In vivo 19F spin relaxation and localized spectroscopy of fluoxetine in human brain.

Abstract

Fluorine-19 NMR spectroscopy was used to monitor the anti-depressant drug fluoxetine (and its metabolite norfluoxetine) in vivo in human brain. A quadrature birdcage head coil, developed for operation at 60.1 MHz, yielded a signal from the head 2 to 4 times stronger than for surface coils. It was used to measure the in vivo 19F spin-lattice relaxation time (T1) of fluoxetine for five patients by the inversion-recovery technique. The individual T1s varied from 149 to 386 ms, which was attributed in part to interindividual differences based on the reproducibility of a phantom T1. The individual T1 correlated weakly with approximate brain concentration. A lower limit of 3 to 4 ms was found for the spin-spin relaxation time from line width measurements. Low resolution 4-dimensional spectroscopic imaging confirmed that the single in vivo 19F resonance for fluoxetine arose primarily from brain. The spectrum of a cerebral hemisphere (in formalin) obtained at autopsy from a patient on 40 mg/day of fluoxetine for 19 weeks was comparable with that seen for patients in vivo.
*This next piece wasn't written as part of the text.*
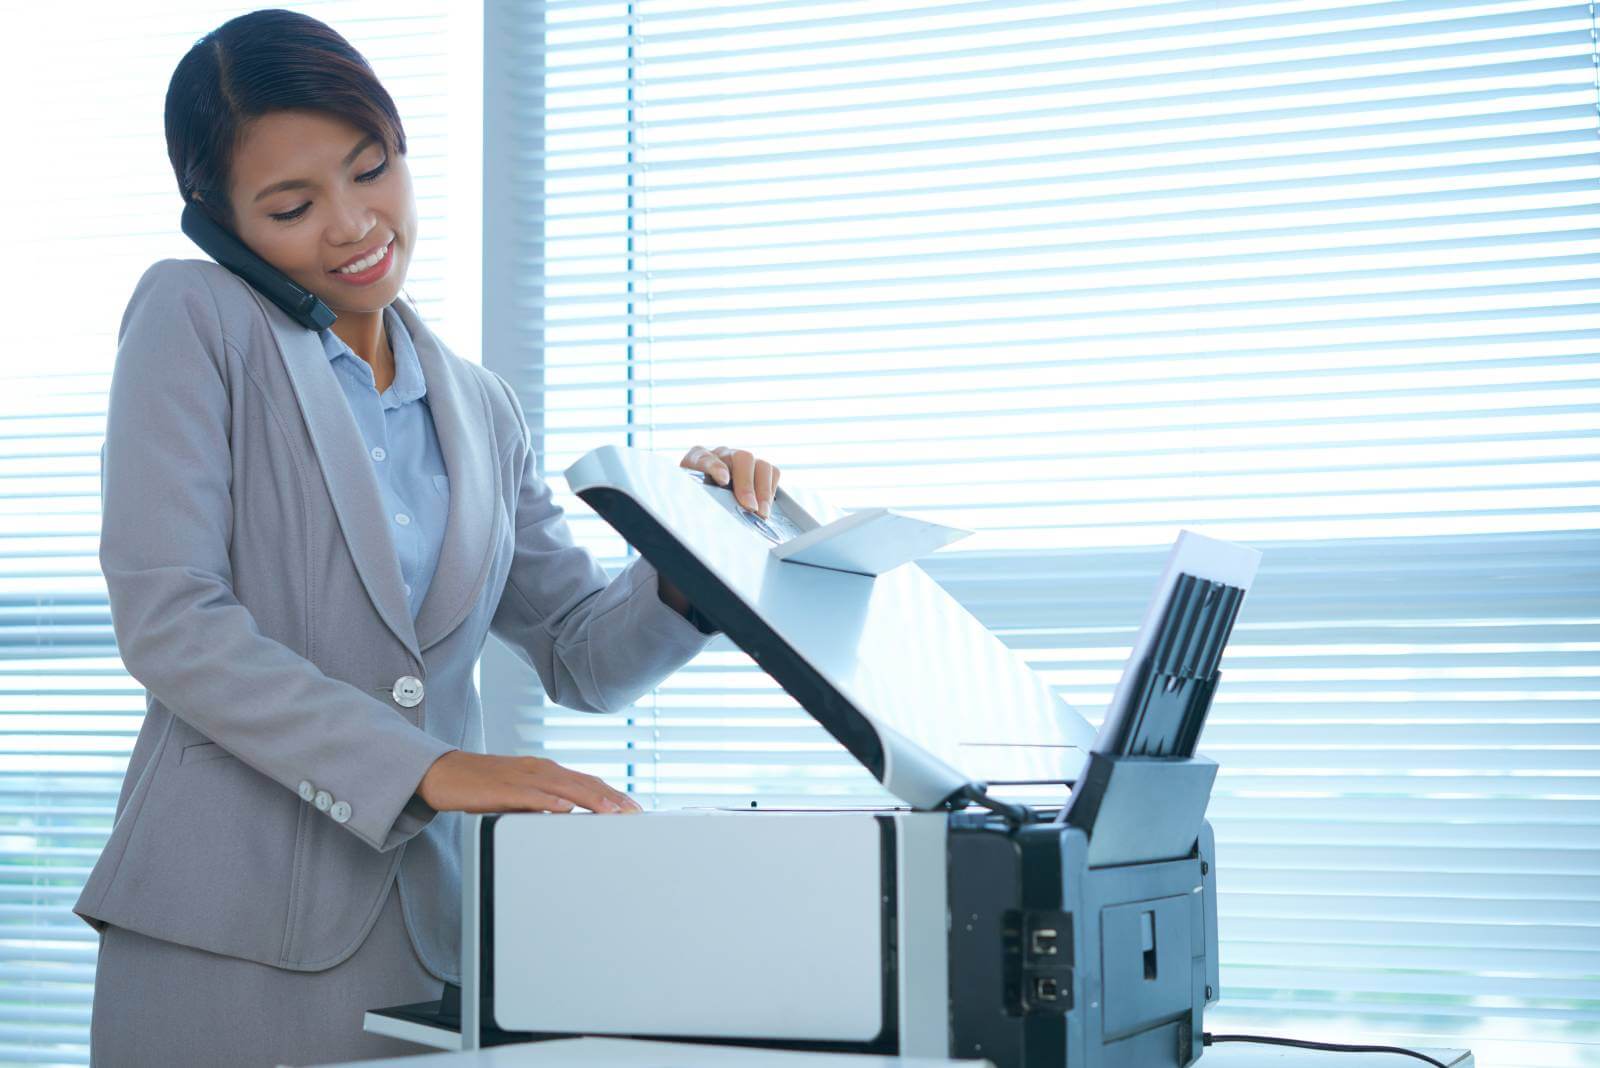 Functioning Copier Machines - Clear Choice Technical Services
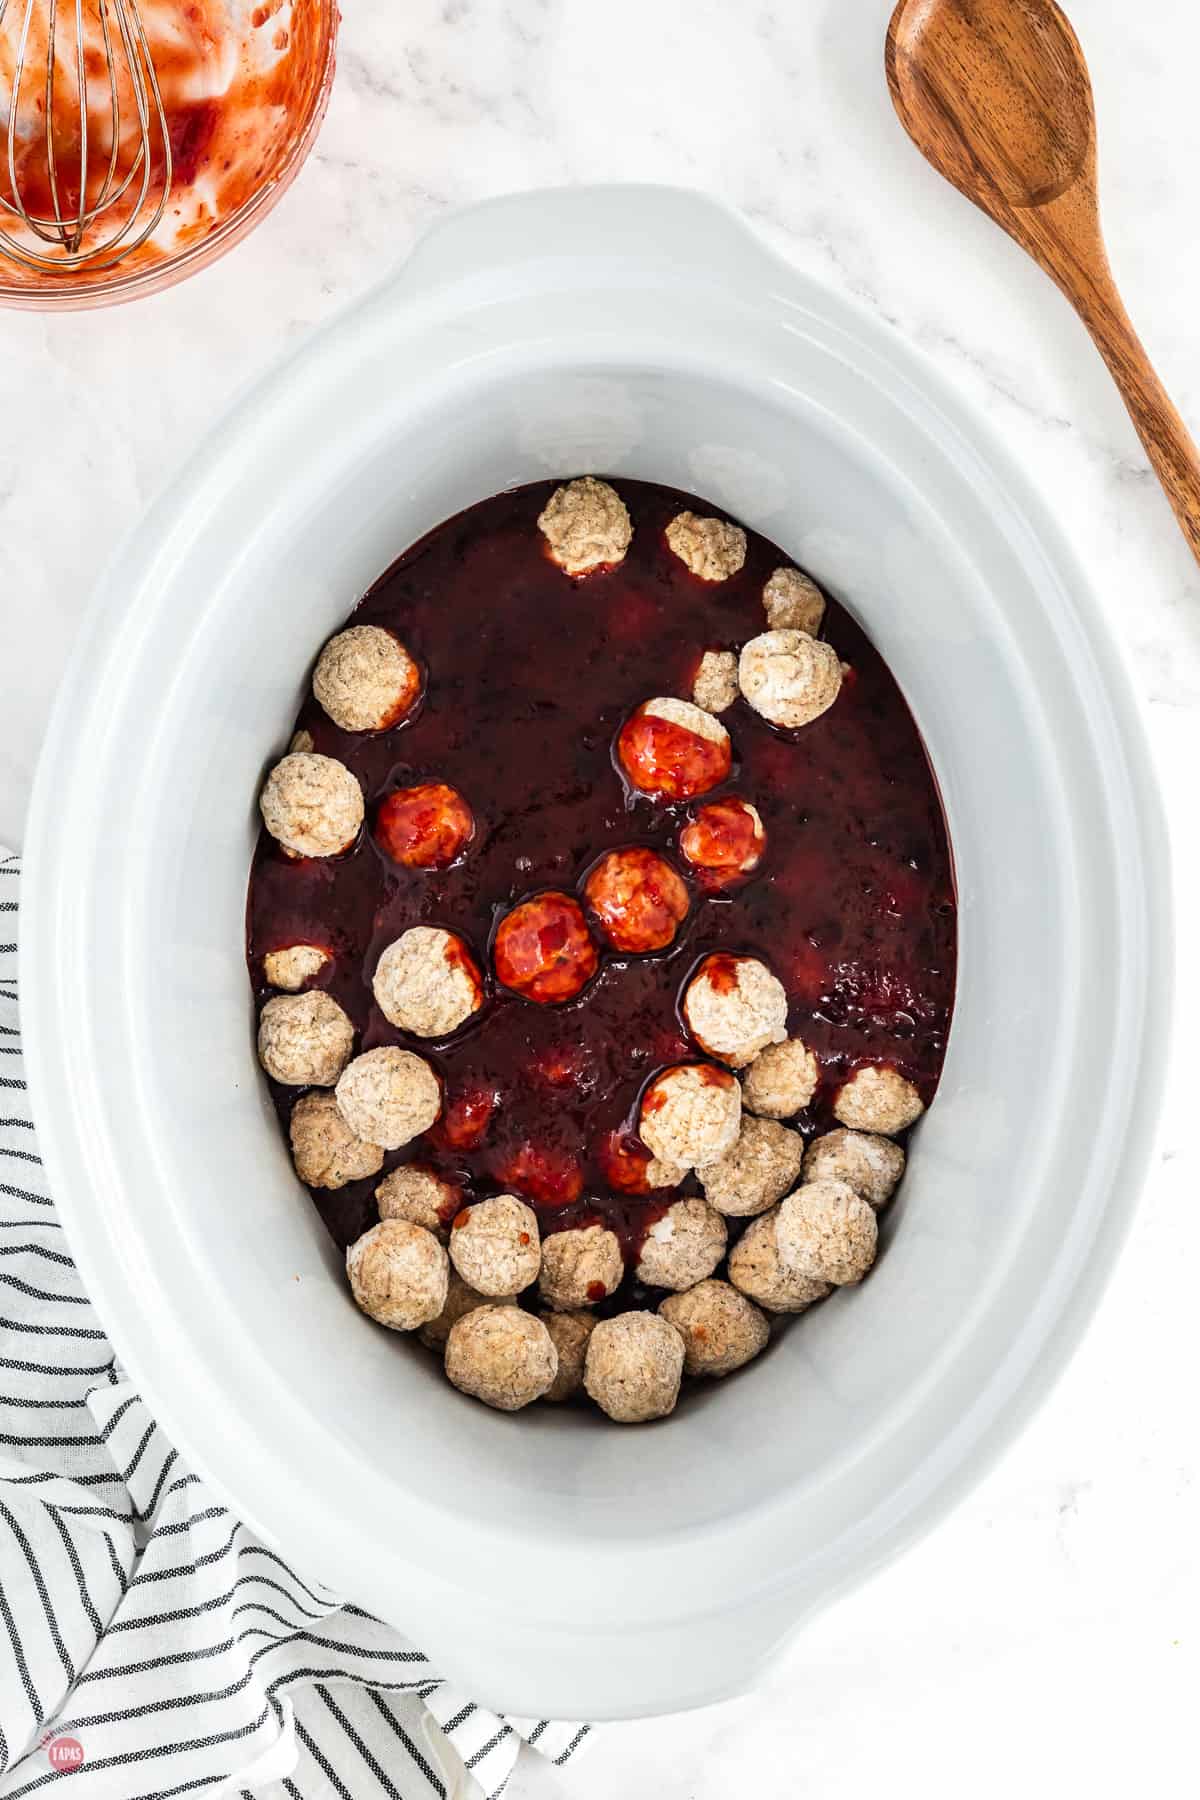 meatballs and sauce in a crockpot

The in vivo signal arose about equally from fluoxetine and the active metabolite norfluoxetine, as demonstrated by the in vitro 19F NMR spectrum of the lipophilic extract of a small section of brain. In vitro quantitation of frozen samples from three brain regions yielded combined fluoxetine/norfluoxetine concentrations of 12.3 to 18.6 micrograms/ml, which is higher than typically determined in vivo, and suggests that the fluorinated drugs may not be 100% visible in vivo.